Bahaya Praktik Uang bagi Masa Depan Bangsa dan Generasi Muda

muslimX
By muslimX
4 Min Read

muslimx.id — Jika praktik uang terus dinormalisasi, dampaknya tidak berhenti pada satu periode kekuasaan. Ia membentuk mentalitas generasi berikutnya. Inilah dimensi jangka panjang dari bahaya praktik uang merusak masa depan bangsa secara perlahan namun sistematis.

Anak muda yang tumbuh dalam budaya praktik transaksional akan menganggap kekuasaan sebagai alat mencari keuntungan, bukan sarana pengabdian. Demokrasi kehilangan nilai idealismenya.

Normalisasi yang Menggerus Idealisme

Generasi muda belajar dari apa yang mereka lihat. Jika setiap pemilu identik dengan pembagian uang atau bantuan sesaat, maka pesan yang tertanam adalah: kekuasaan bisa dibeli.

Padahal Islam mengajarkan bahwa kepemimpinan adalah amanah berat. Rasulullah ﷺ pernah mengingatkan bahwa jabatan adalah tanggung jawab yang kelak dipertanggungjawabkan di akhirat.

Bahaya praktik uang membuat makna amanah bergeser menjadi peluang. Jika sejak awal prosesnya sudah transaksional, maka idealisme akan sulit tumbuh.

Demokrasi Tanpa Integritas

Praktik uang bukan sekadar pelanggaran hukum teknis. Ia merusak integritas sistem. Ketika biaya kekuasaan tinggi, akses kepemimpinan hanya terbuka bagi mereka yang memiliki modal besar.

Akibatnya: ruang kompetisi gagasan menyempit, meritokrasi tergeser oleh kekuatan finansial, kebijakan berpotensi dipengaruhi kepentingan sponsor.

Al-Qur’an mengingatkan bahwa kerusakan sosial lahir dari perbuatan manusia sendiri:

“Telah tampak kerusakan di darat dan di laut disebabkan karena perbuatan tangan manusia…” (QS. Ar-Rum: 41)

Bahaya praktik uang adalah salah satu bentuk kerusakan modern yang bersumber dari pilihan manusia.

Generasi yang Kehilangan Keteladanan

Ketika pemimpin terpilih karena transaksi, generasi muda kehilangan figur keteladanan yang murni. Mereka melihat kekuasaan sebagai hasil modal, bukan hasil integritas dan kapasitas.

Dalam jangka panjang, ini menciptakan siklus: pemilih transaksional, kandidat transaksional, kebijakan transaksional. Siklus ini sulit diputus tanpa kesadaran kolektif.

Peran Pendidikan dan Literasi Politik

Solusi terhadap bahaya suap tidak cukup dengan penegakan hukum. Ia membutuhkan pendidikan politik yang berkelanjutan.

Literasi publik harus ditingkatkan agar masyarakat memahami: dampak jangka panjang pilihan, bahaya transaksi suara, pentingnya integritas proses.

Islam mendorong umatnya menggunakan akal dan ilmu dalam mengambil keputusan. Pilihan tanpa pertimbangan adalah bentuk kelalaian.

Partai X: Menanggapi Bahaya Praktik Uang 

Direktur X-Institute, Prayogi R. Saputra, menilai bahwa praktik uang adalah hambatan serius bagi pembangunan peradaban.

“Kalau kita ingin bangsa maju, proses politiknya harus bermartabat. Praktik uang membuat standar kepemimpinan turun sejak awal,” ujarnya.

Menurutnya, bahaya suap tidak hanya merugikan hari ini, tetapi menggerus kualitas generasi mendatang.

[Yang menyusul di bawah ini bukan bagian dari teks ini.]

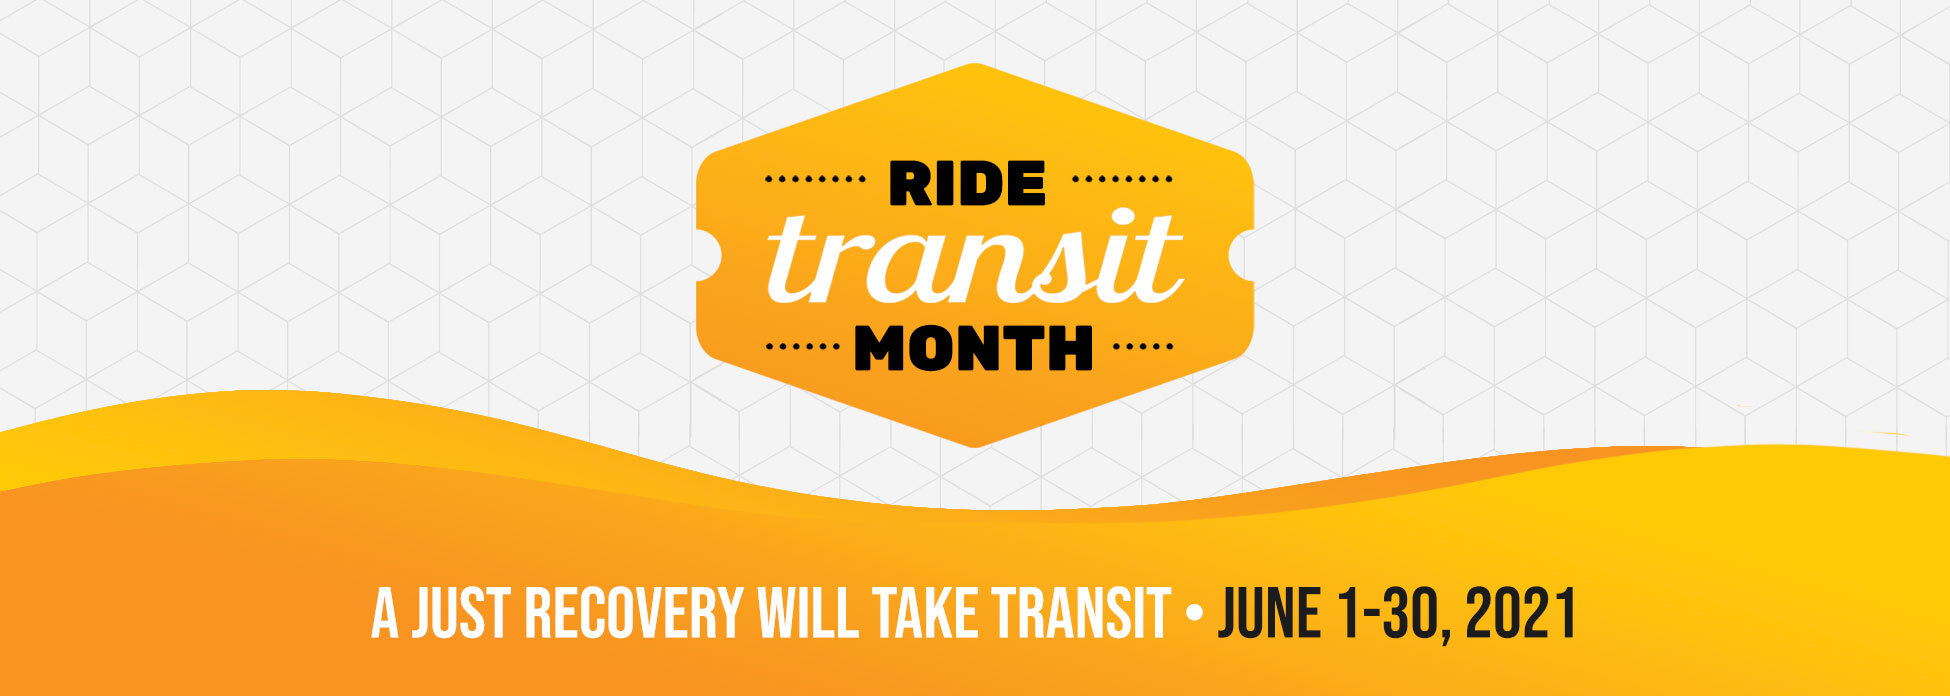 Ride Transit Month

Anak muda melihat contoh. Kalau yang ditonjolkan adalah transaksi, maka nilai yang tumbuh adalah pragmatisme, bukan idealisme. Pendidikan literasi harus menjadi agenda serius untuk memutus rantai budaya transaksional.

Penutup: Menjaga Masa Depan dari Sekarang

Bangsa yang besar tidak dibangun dengan transaksi, tetapi dengan integritas. Praktik uang mungkin memberi keuntungan sesaat, tetapi meninggalkan kerugian jangka panjang.

Bahaya praktik uang adalah ketika masyarakat berhenti memikirkan masa depan dan hanya fokus pada manfaat instan.

Jika generasi hari ini berani menolak transaksi, maka generasi berikutnya akan mewarisi sistem yang lebih bersih. Karena masa depan bangsa ditentukan bukan hanya oleh siapa yang memimpin, tetapi oleh bagaimana mereka dipilih.